Mevrouw Van Eijs vroeg nog naar klimaatverandering en extremer weer, water, regen en dat soort zaken. In verschillende beleidsvisies, bijvoorbeeld in het natuurbeleid, wordt ingespeeld op die klimaatverandering. Er komen robuuste, veerkrachtige natuurgebieden. Het ecosysteem krijgt daarin aandacht. Er wordt heel intensief nagedacht over hoe met extreme situaties moet worden omgegaan en hoe die kunnen worden opgevangen. Dat vangen we eigenlijk onder het woord «klimaatadaptatie». Dat zal zeker impact hebben op het ruimtelijk beslag. Dus ik vind dat een heel terecht punt. Het kan ook impact hebben op hele basale uitgangspunten, zoals de leefbaarheid, de gezondheid en de natuur. Dus dit heeft zeker een plek in de NOVI.
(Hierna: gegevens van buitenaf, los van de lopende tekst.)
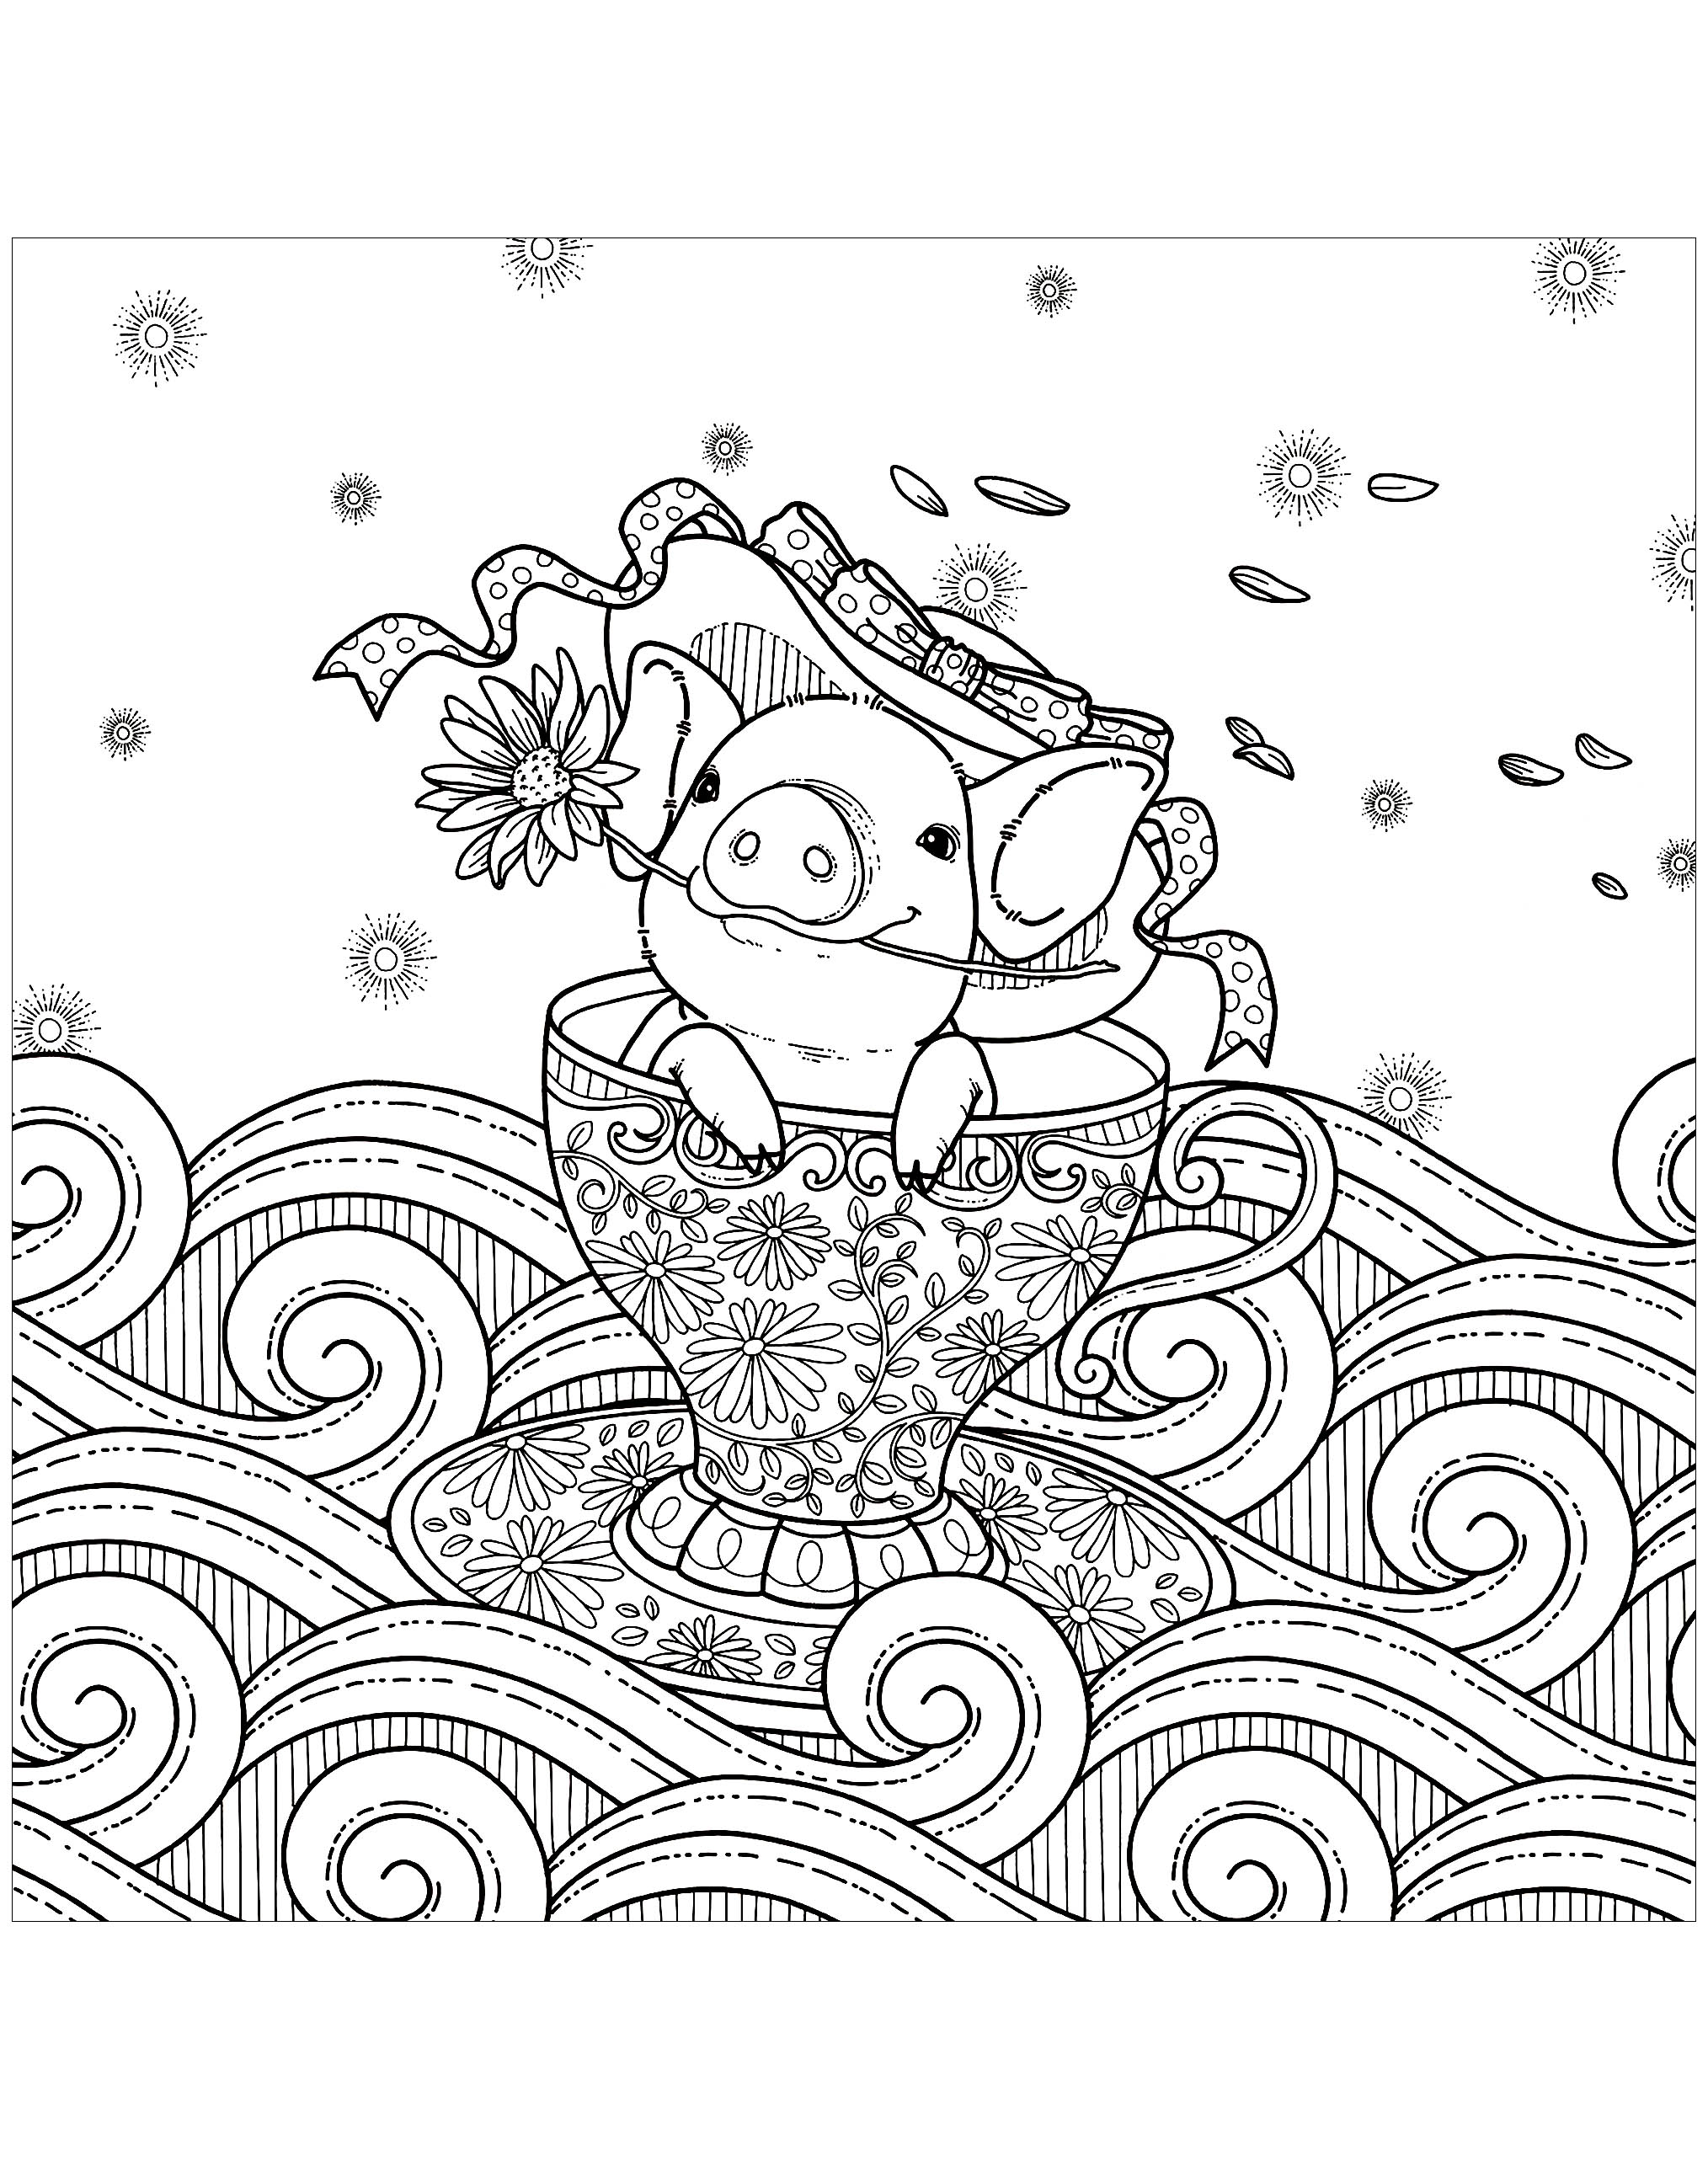 Desenhos grátis para colorir de Porcos para imprimir e colorir, Artista : Kchung   Fonte : 123rf

De combinatie van grondgebruik is een notie die door velen genoemd werd, in ieder geval door mevrouw Laan. Als je bijvoorbeeld een afspraak zou maken over de daken van de boerderijen of de stallen in plaats van over de landbouwgrond, dan hoef je geen kostbare ruimte daaraan op te offeren. Dat is volgens mij typisch zo'n dilemma, maar ook een oplossing die je zou kunnen aanbieden door meervoudig ruimtegebruik en door slimme combinaties. Door ruimtelijke principes met elkaar af te spreken, kun je tot dit soort oplossingen komen. Dit is er één, maar misschien zijn er nog veel meer van dat type. Daarin kom je tot slimme combinaties en ga je inderdaad niet over tot het gebruik van goede landbouwgronden voor zonneweides, enkel en alleen omdat de bevoegdheid om daar een besluit over te nemen nu misschien bij een gemeente ligt. Ik vind dat een heel goed voorbeeld van een opgave waar we voor staan. Het is ook heel actueel. Straks, als we dit allemaal hebben, zal daar een veel beter afwegingskader voor bestaan.
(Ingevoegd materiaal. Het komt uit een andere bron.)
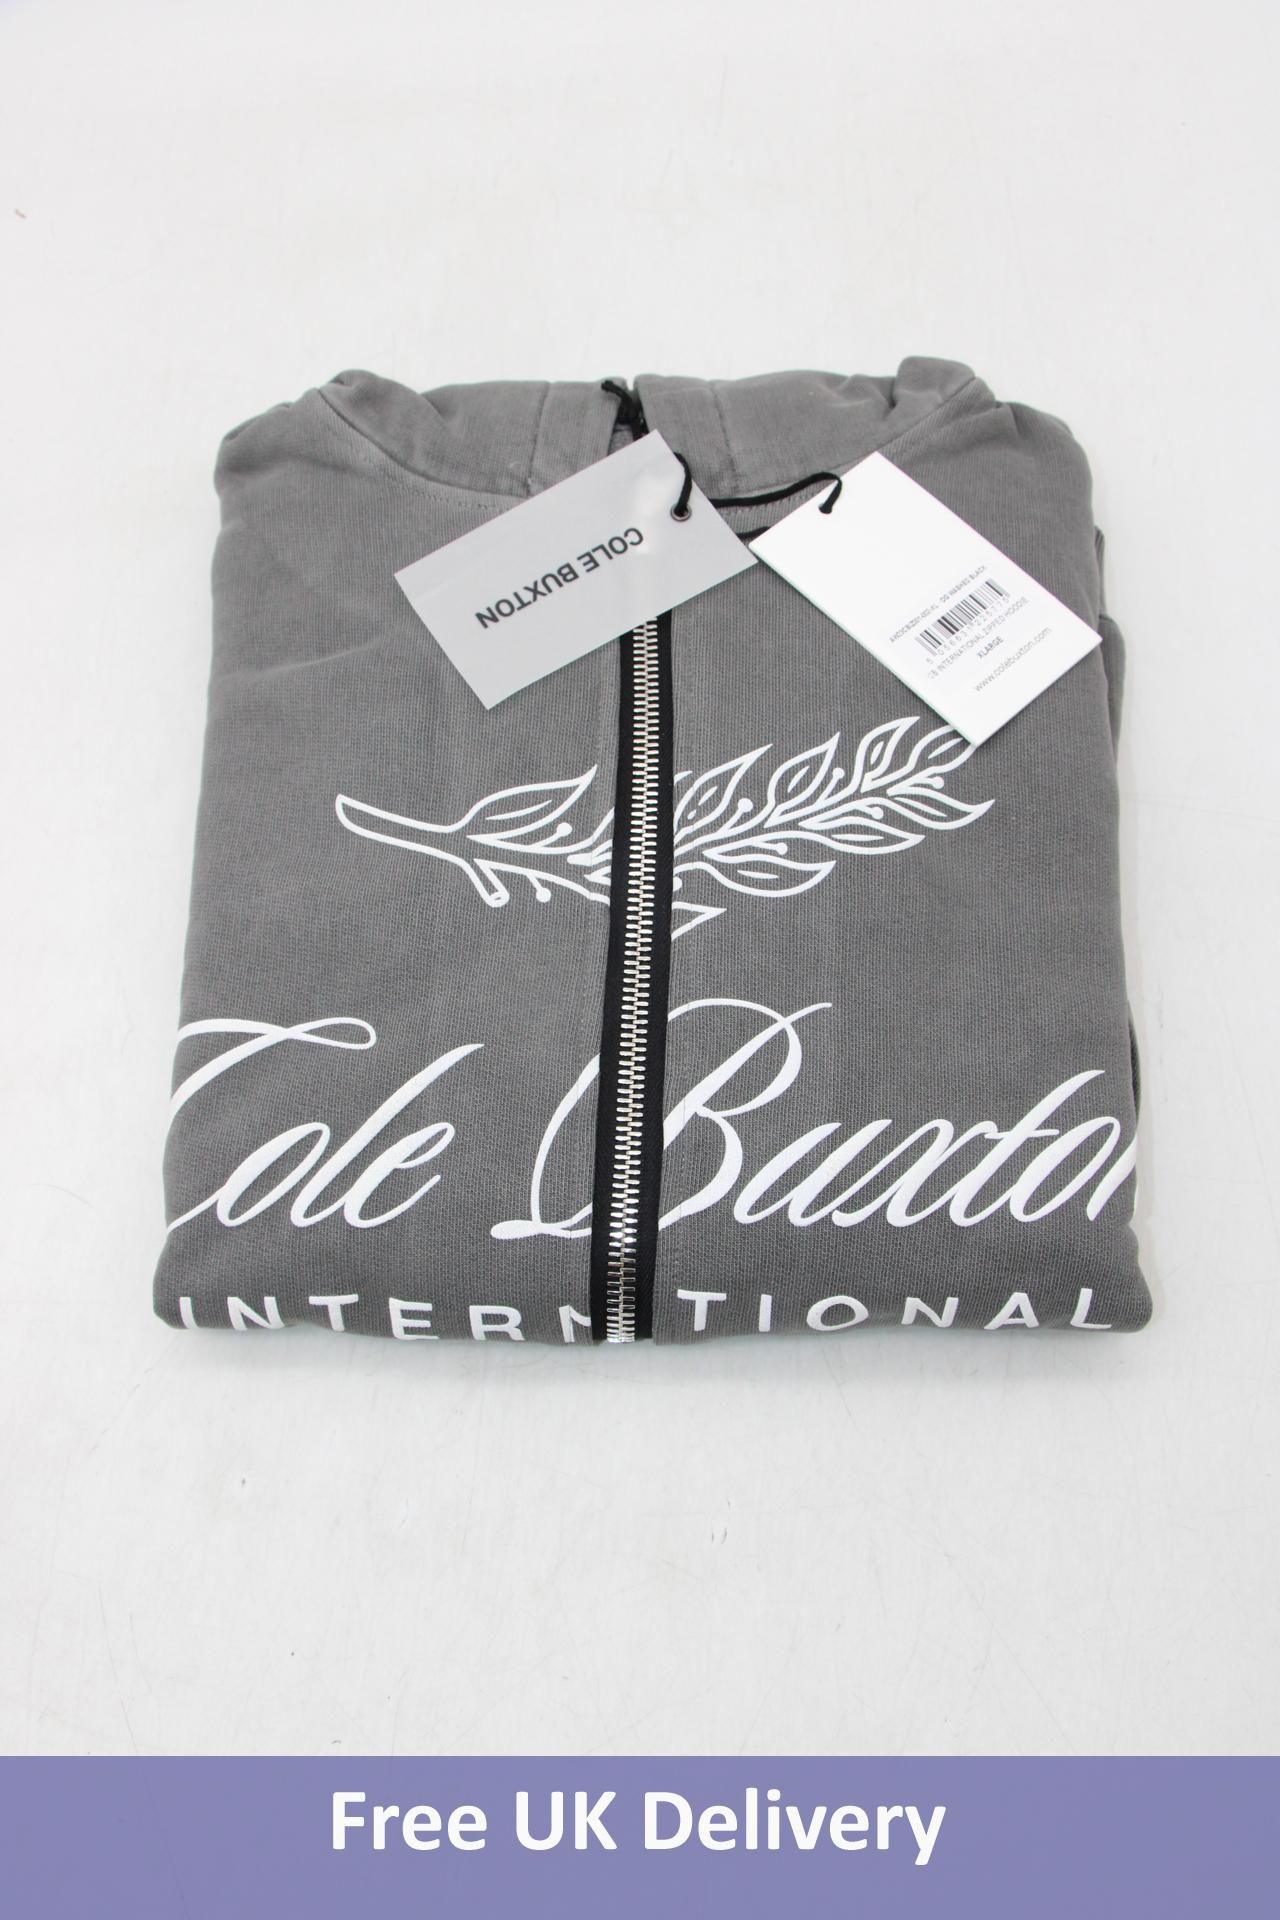 Cole Buxton CB International Zipped Hoodie, OG Washed Black, Size XL

Dan heb ik nog een aantal slotvragen die niet echt binnen één thema zijn te vatten. Toen mevrouw Laan ineens begon te spreken over de uitbreiding van het Nederlands grondgebied had ik hele andere visioenen. Gelukkig verduidelijkte zij meteen wat ze bedoelde. Ik dacht: we hebben net een kleine grenscorrectie met België achter de rug en meer plannen hebben we niet. Maar het was natuurlijk duidelijk dat mevrouw Laan sprak over uitbreiding in het water. Dat kunnen we in Nederland. Ik geloof dat de Minister-President bij de Algemene Beschouwingen hier iets over heeft gezegd. Hij heeft toch een visie geschetst hierover? Absoluut, af en toe betrappen we hem daarop. Er zijn ook al concrete ideeën, bijvoorbeeld een soort windeiland op zee bij IJmuiden. We moeten het water er zeker altijd bij betrekken. De Noordzee als zodanig is, voor zover die bij Nederland hoort, een belangrijk gebied voor ons, ook al is het de zee. In fysieke zin kun je klein of groot – of het nou gaat over Amsterdam met IJburg II of een windeiland of iets anders – zeker niets uitsluiten. Dat is ook onze kennis. Dat is iets waar we in Nederland heel goed in zijn. Ik denk niet dat het een doel op zichzelf is om het grondgebied uit te breiden. Maar als gedachte, als mogelijkheid, moeten we dat zeker wel behouden. Daarbij zullen we ons wel moeten houden aan de vastgestelde buitengrens van Nederland. Maar ik geloof niet dat mevrouw Laan andere gedachten had dan die.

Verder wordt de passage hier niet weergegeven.